There is no assurance that we will be successful in identifying or consummating any suitable acquisitions or business combinations and, if we do complete an acquisition, there is no assurance that it will be successful in enhancing our business or our financial condition. We face significant competition for acquisition and business combination opportunities, which may inhibit our ability to complete suitable transactions or increase the cost we must pay. Acquisitions or business combinations could divert a substantial amount of our management time and may be difficult for us to integrate. We may issue additional shares of common stock or other securities in connection with one or more acquisitions or business combinations, which may dilute the interest of our existing stockholders. Depending upon the size and number of any acquisitions or business combinations, we may also borrow money to fund acquisitions or to fund operations of our business. In that event, we would be subject to the risks normally associated with indebtedness, including the inability to service the debt or the dedication of a significant amount of cash flow to service the debt, limits on our ability to secure future financing and the imposition of various covenants, including restrictions on our operations.

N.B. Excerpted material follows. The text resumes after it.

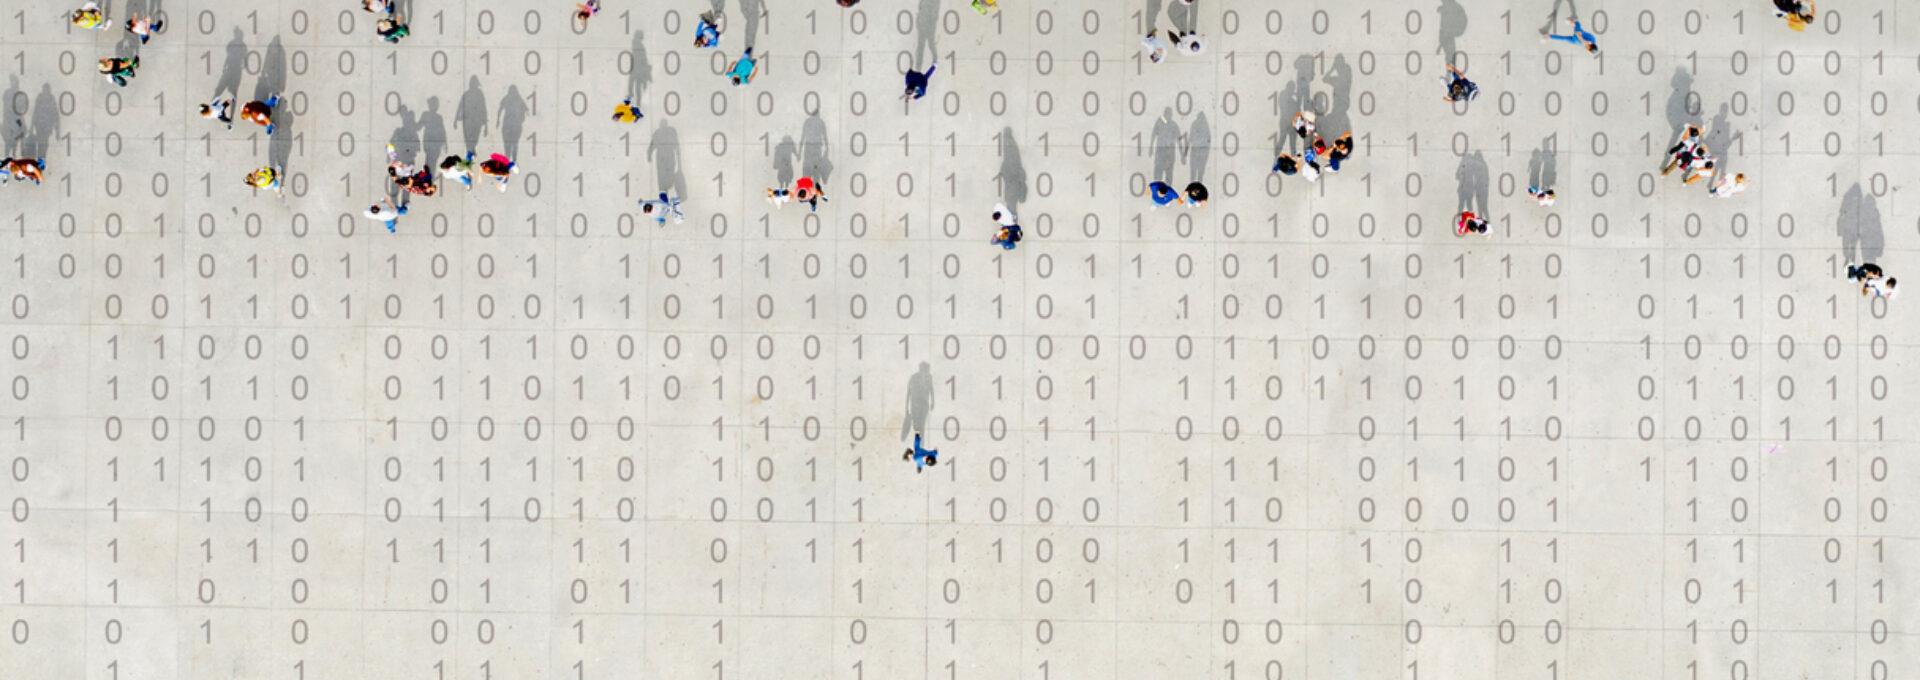 Territorialité des données

Volatility in global credit markets may impact our ability to obtain financing to fund acquisitions or business combinations.
Our ability to consummate an acquisition or business combination may be largely dependent on our ability to obtain debt or equity financing. The current global economic and financial market conditions, including severe disruptions in the credit markets and the potential for a significant and prolonged global economic recession, may impact our ability to raise equity capital or to obtain sufficient credit to finance an acquisition until the conditions become more favorable.
The interests of the Harbinger Funds, our controlling stockholders, may conflict with interests of other stockholders.
The Harbinger Funds own more than 50% of our combined voting power and, because of this, exercise a controlling influence over our business and affairs and have the power to determine all matters submitted to a vote of our stockholders, including the election of directors, the removal of directors, and approval of significant corporate transactions such as amendments to our certificate of incorporation, mergers and the sale of all or substantially all of our assets. Moreover, a majority of the members of our board of directors were nominated by and are affiliated with or employed by the Harbinger Funds and their affiliates. The Harbinger Funds could cause corporate actions to be taken even if the interests of these entities conflict with or are not aligned with the interests or plans of our other stockholders. This concentration of voting power could have the effect of deterring or preventing a change in control of our company that might otherwise be beneficial to our stockholders.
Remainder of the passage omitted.